Comportements, stress et homéostasie

Réponse au stress, axe corticotrope et régulation neuroendocrinienne — programme de Spécialité SVT Terminale

À propos de cette page
Ces exercices corrigés sur « Comportements, stress et homéostasie » en terminale permettent de s'entraîner et de vérifier ses acquis en spécialité svt. Ils suivent le programme officiel de terminale et sont classés par difficulté (facile, moyen, difficile). Au programme : L'homéostasie : définition et enjeux, Le stress : définition et composantes, La réponse immédiate au stress : système nerveux sympathique et adrénaline, L'axe corticotrope : réponse hormonale prolongée. Écris ta réponse puis clique sur « Vérifier » : la correction est immédiate et tolère majuscules, espaces et ponctuation. Cet entraînement aide à mémoriser les méthodes, repérer ses erreurs et gagner en confiance avant un contrôle. Exercices gratuits proposés par un professeur particulier à Marseille pour réviser spécialité svt en terminale.
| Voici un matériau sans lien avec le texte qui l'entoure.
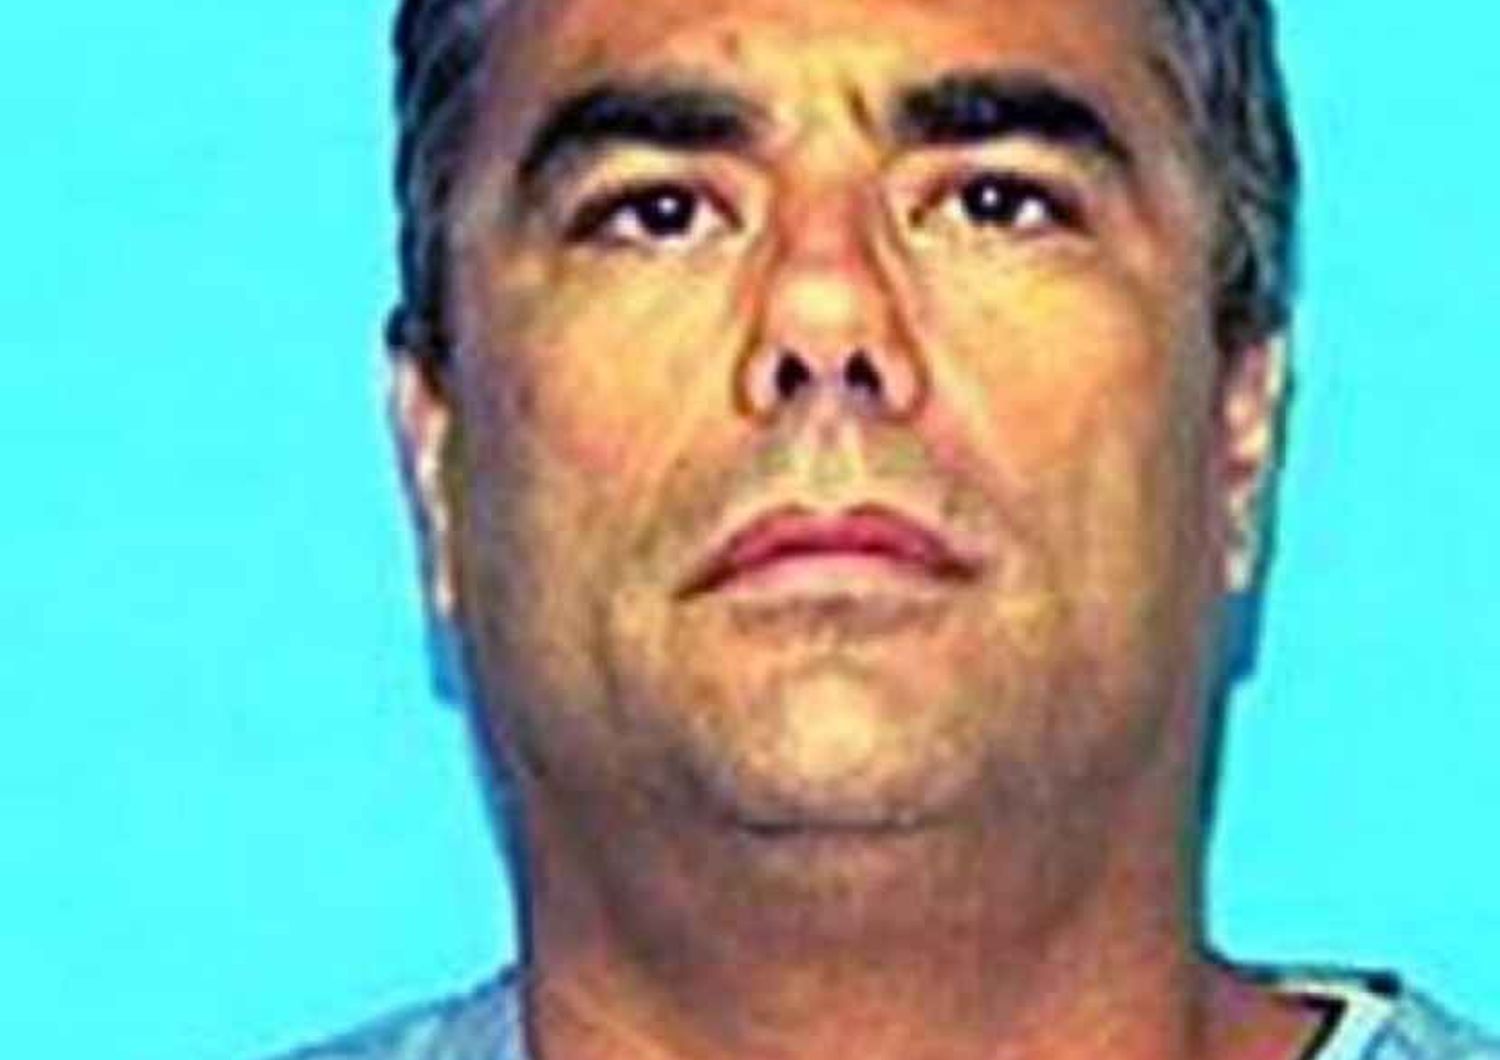 Dramma della follia in Florida: uccide la figlia e sei nipotini e si spara - Video

Exercices corrigés, classés du plus simple au plus complexe. Cherche d'abord seul au brouillon, puis déplie la correction détaillée pour vérifier ta méthode et tes raisonnements.
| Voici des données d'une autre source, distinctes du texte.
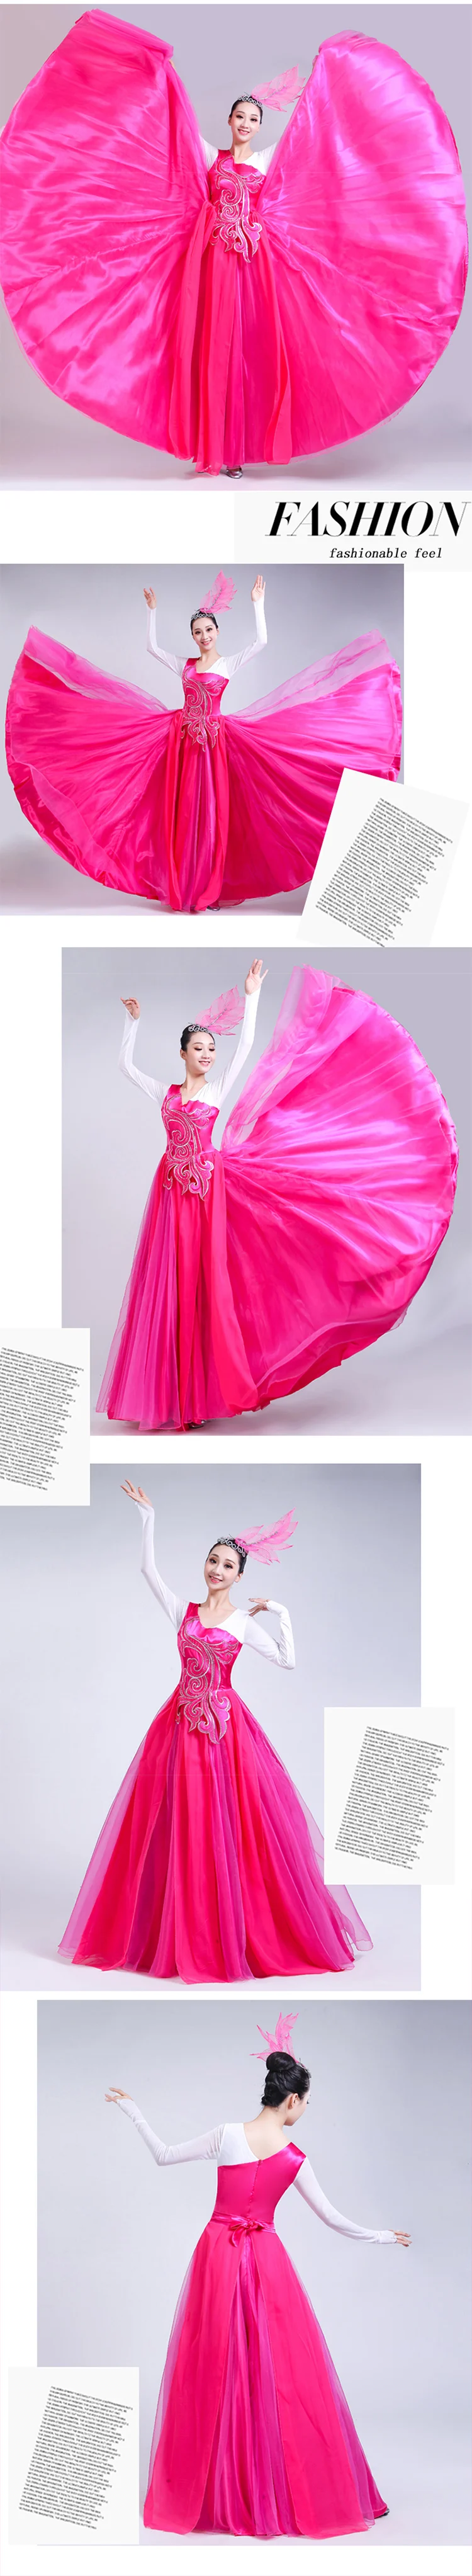 Фламенко платье женское розовое красное с длинным рукавом Дамы танец испанский костюм Испанская танцовщица бальные танцы представление одежда DN3580

Exercice 1 — Localiser les acteurs de la réponse au stress

Pour chaque acteur cité, indiquez l'organe ou la structure qui le produit ainsi que sa nature (nerveuse, hormonale catécholamine, hormone peptidique ou hormone stéroïde).

  1. L'adrénaline libérée dans les premières secondes d'un stress.
  2. La CRH, premier messager de la voie hormonale lente.
  3. L'ACTH qui circule dans le sang vers les surrénales.
  4. Le cortisol, dont la sécrétion atteint son maximum environ quinze minutes après l'ACTH.
  5. Le message nerveux qui commande directement la libération d'adrénaline.
Méthode : pour chaque acteur, on remonte la chaîne « centre intégrateur → relais → effecteur » et on classe le messager selon sa structure chimique (catécholamine = dérivé d'acide aminé ; hormone peptidique = chaîne d'acides aminés ; hormone stéroïde = dérivé du cholestérol).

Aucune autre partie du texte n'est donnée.